Wage replacement benefits and coordination with other policies and laws
A statutory formula is used to determine the percentage of an employee’s wages payable through the PFML program. Employees may be eligible to receive up to 90% of their regular weekly wages, capped at an amount equal to the State of Minnesota’s average weekly wage (which is reset on October 1st of each year). With the exception of leave taken for purposes of bonding with a new child, eligibility for wage replacement benefits requires a seven-calendar day qualifying event or waiting period, after which, benefits will be paid retroactive to the first day of leave (benefits paid for bonding purposes do not require a waiting period).
Leave taken under this policy that is also covered by other leave laws or policies in this handbook will run concurrently. For instance, a non-birth parent’s time off in connection with the birth of their child may be covered by PFML, the MPLA, and the federal FMLA, in which case any leave taken under this policy will run concurrently with, and count against, leave under those laws/policies (see our MPLA and FMLA policies for more details about leave rights under those laws).
Use and accrual of paid leave
Because wage replacement benefits through the PFML program will always be less than 100% of an employee’s regular weekly wages, employees can supplement PFML with short-term disability benefits, when taking leave for their own serious health condition, and ESST. While any short-term disability benefit will be automatically applied to supplement PFML, employees should request use of available ESST to cover any remaining missing portion of wages. As a result, employees may receive two payments for any pay period: one from the PFML program and one from us. Payments from us will be subject to the standard withholdings, including insurance premium payments.
Continuation of insurance programs
Employee benefit programs, such as health and dental insurance, will continue in place for the duration of an employee’s leave under the same conditions as if the employee had continued to work.

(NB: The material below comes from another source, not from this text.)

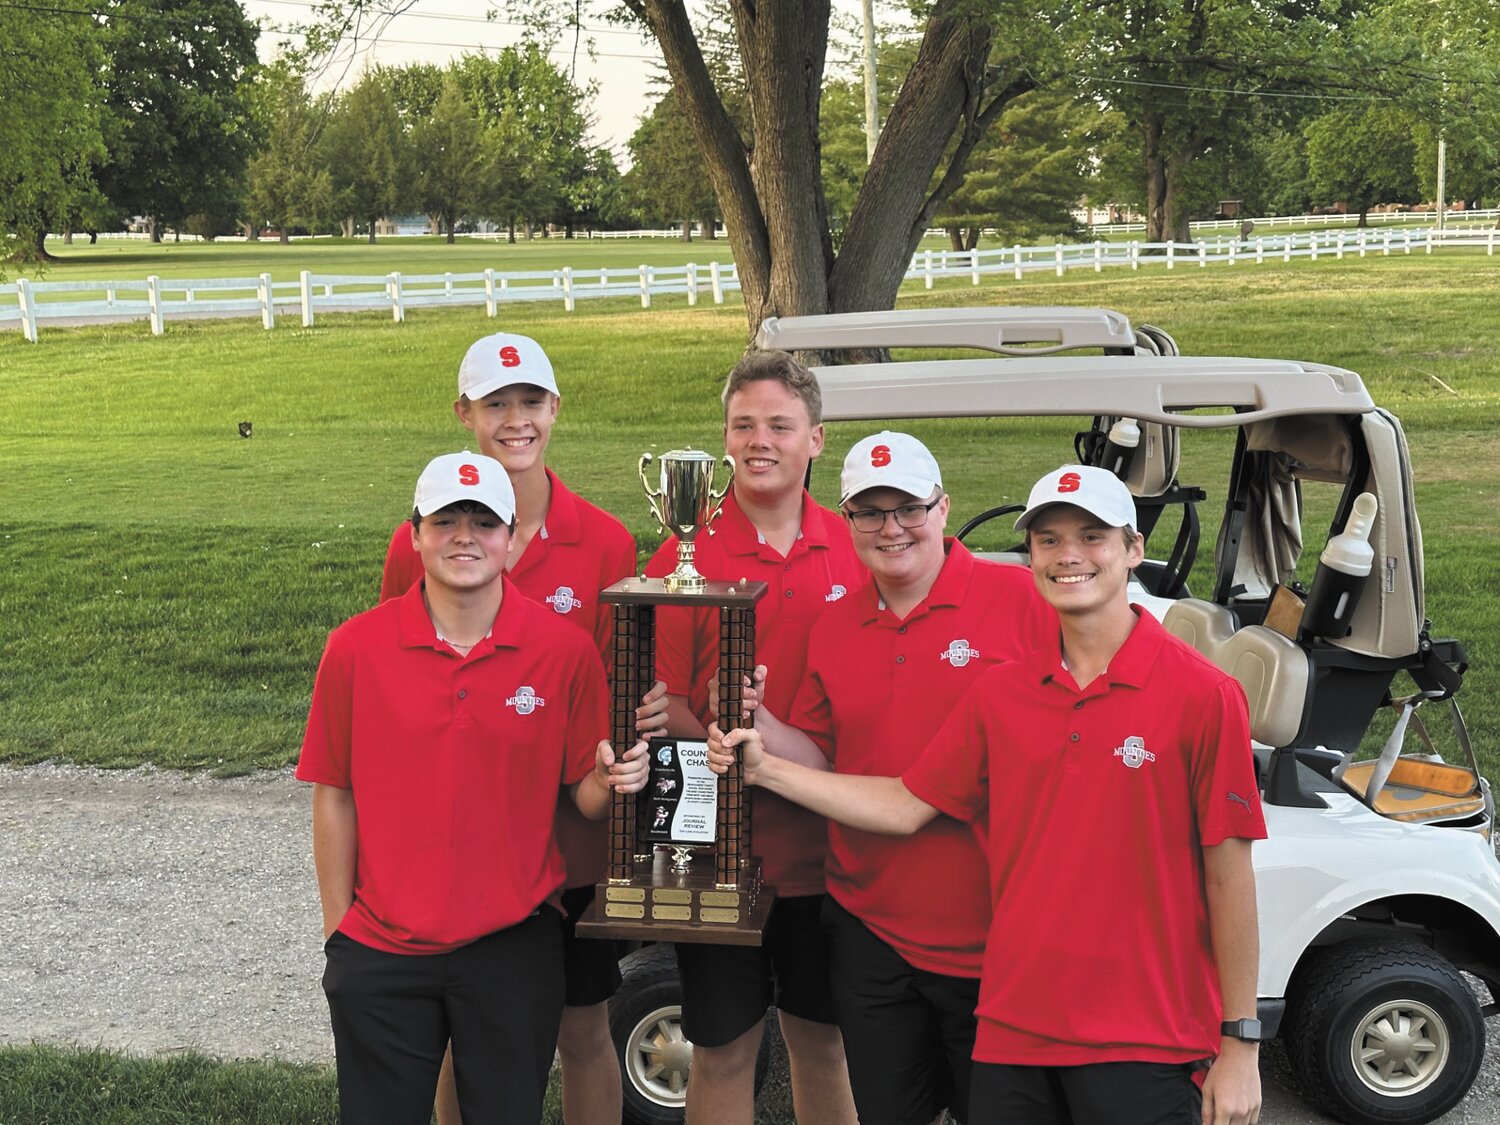 Southmont boys golf fired a 337 on their home course during Thursday’s Montgomery County Golf meet to win the county title. The win for the Mounties also gave Southmont their fourth County Chase Championship in the last five years. The team poised for a picture with the Chase Trophy.

Faculty using ESST to supplement the payments they receive through the PFML program will have insurance premiums deducted from those payments as usual. Faculty who do not use ESST to supplement PFML payments, who choose to supplement but who run out of ESST, or whose supplemental ESST payments are not enough to cover their insurance premiums will be subject to our normal employee insurance payment practices as described in our Impact of Leaves of Absence on Employee Benefits policy.
Returning from leave
Faculty taking leave under this policy will be returned to the same jobs they held when their leaves began. If that is not feasible, employees will be returned to a position that entails substantially equivalent skill, effort, responsibility and authority as the position they previously held. Limited exceptions to this rule may occur, such as in the circumstances of layoffs or reorganizations, where an employee’s position would have been eliminated even if they had not been on leave.

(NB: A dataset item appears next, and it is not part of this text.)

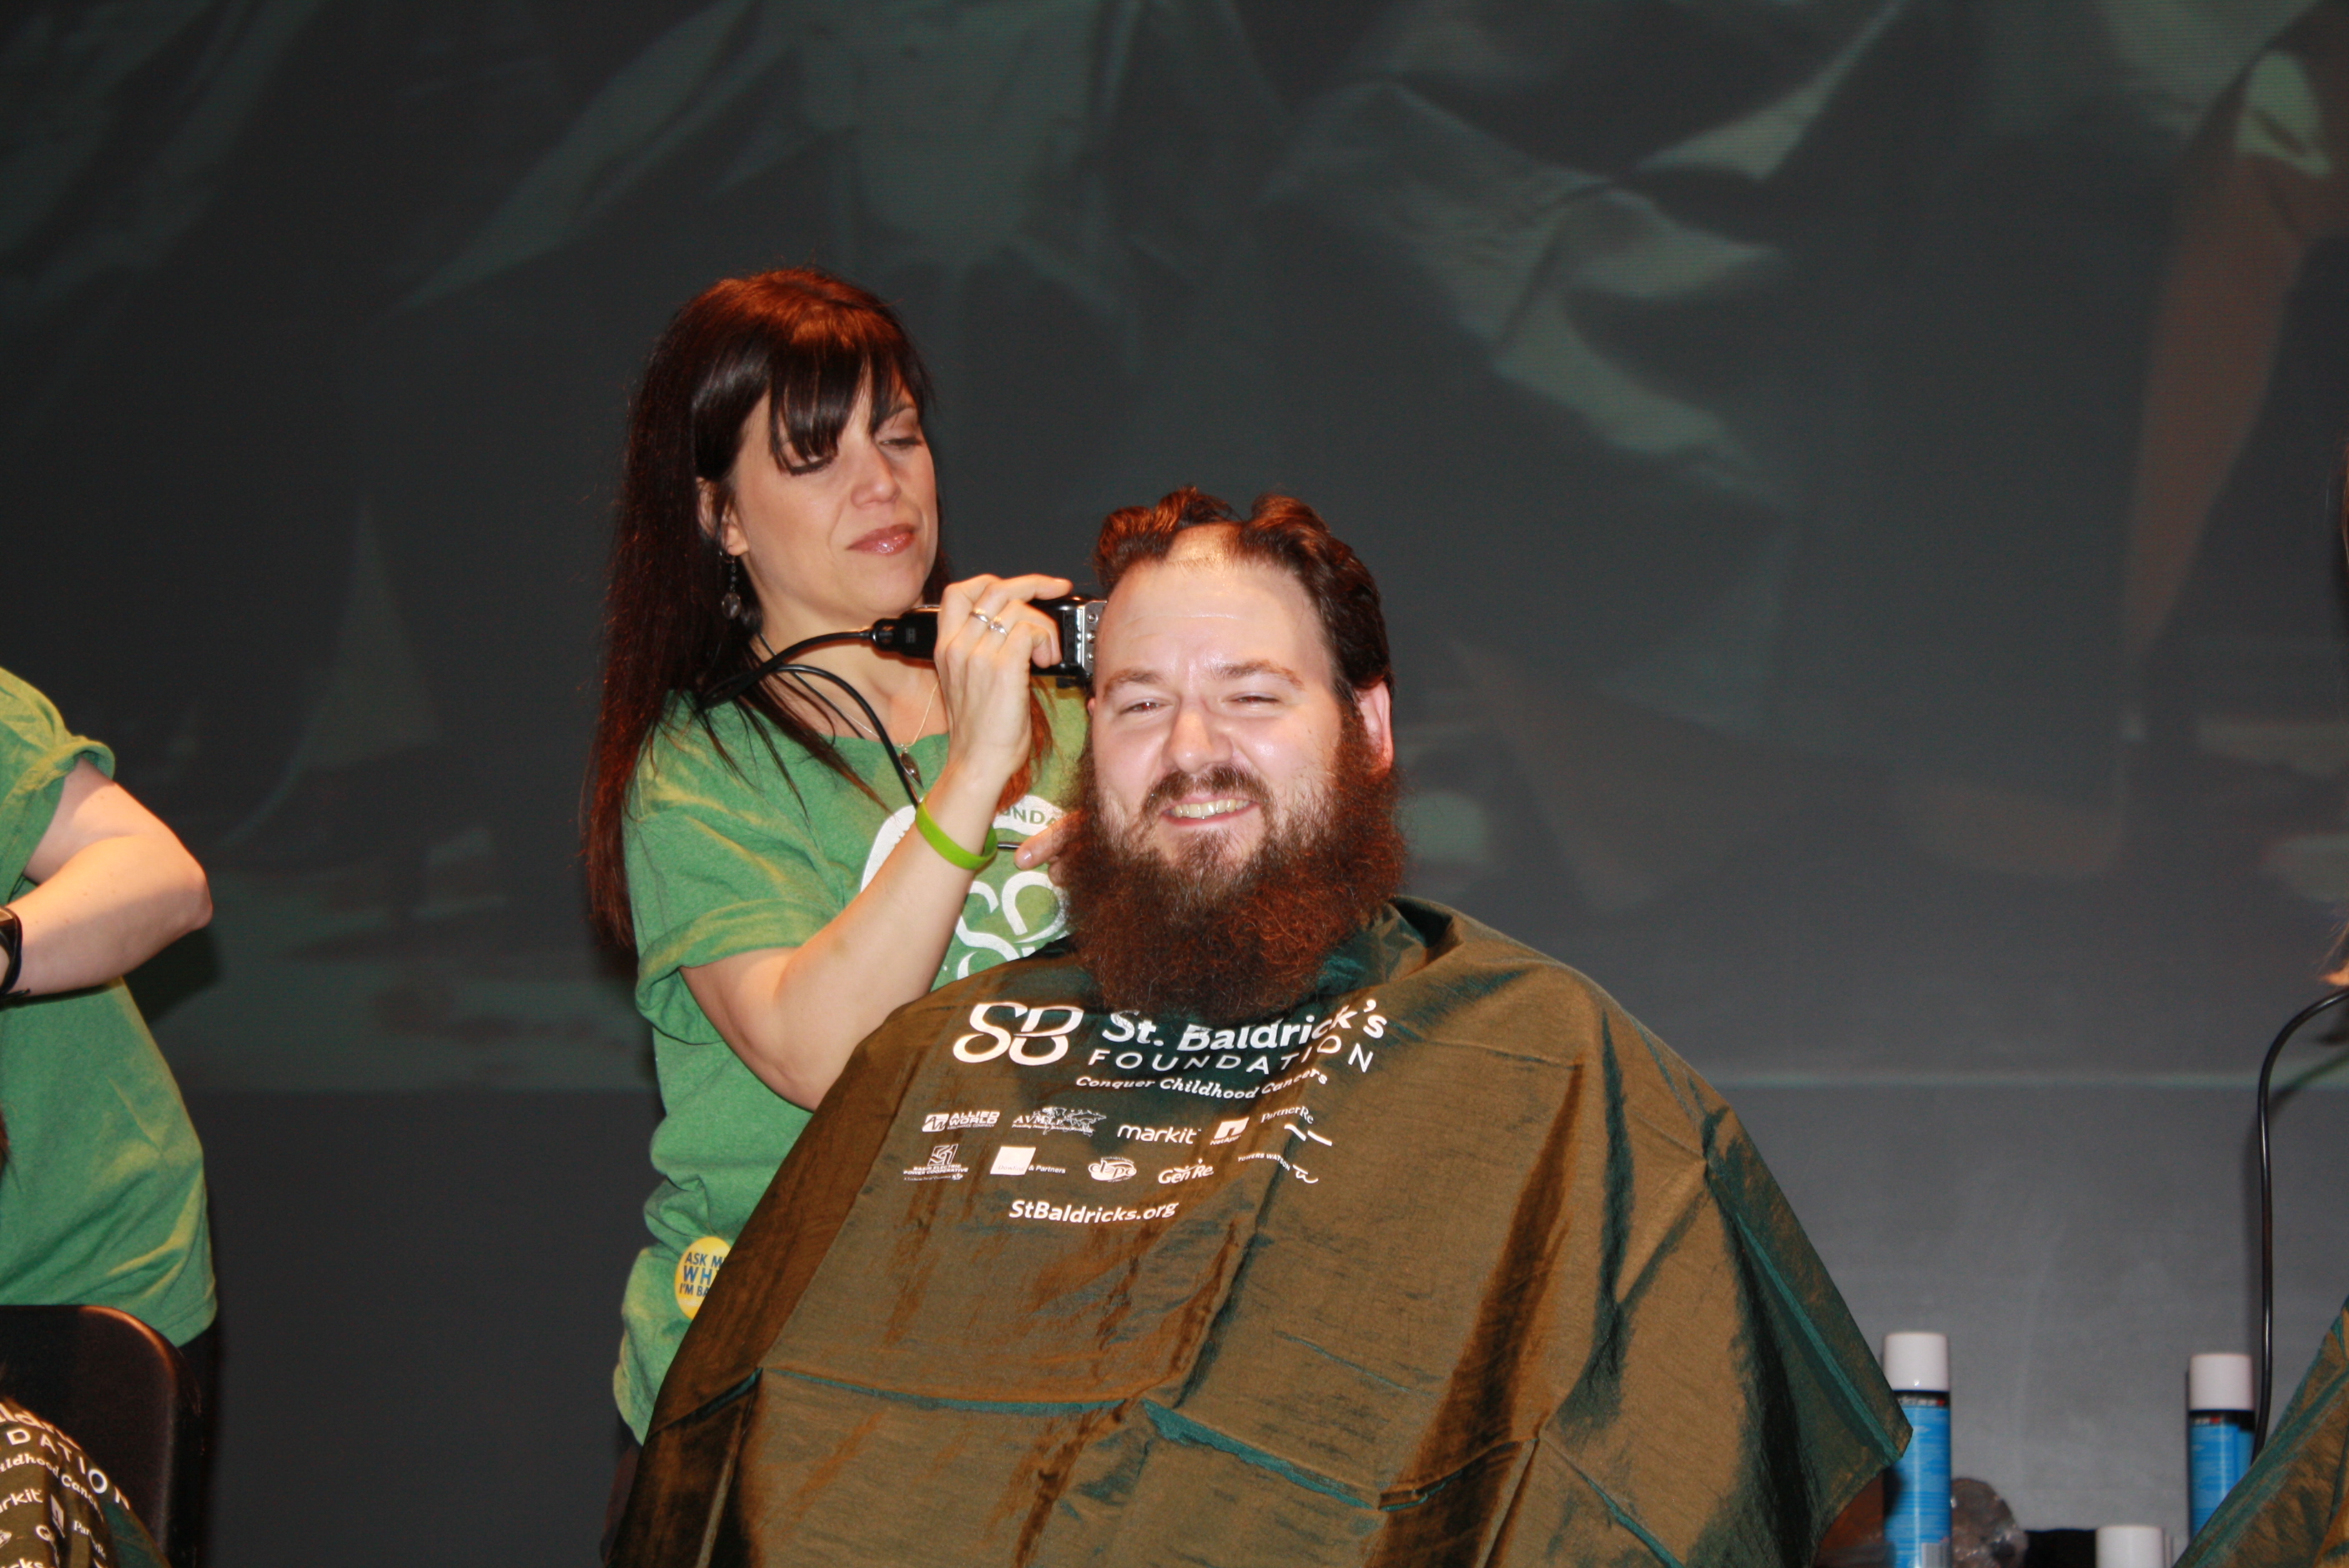 Say goodbye to the beard and the hair! University School parent Ross Duncan does his part for childhood cancer research.

Retaliation, right to file complaint
It is against the law for an employer to retaliate, or to take negative action, against an employee for using or requesting PFML leave or otherwise exercising their PFML rights under the law. Employees who believe that they have been retaliated against or improperly denied PFML benefits can file a complaint with the Labor Standards Division at the Minnesota Department of Labor and Industry.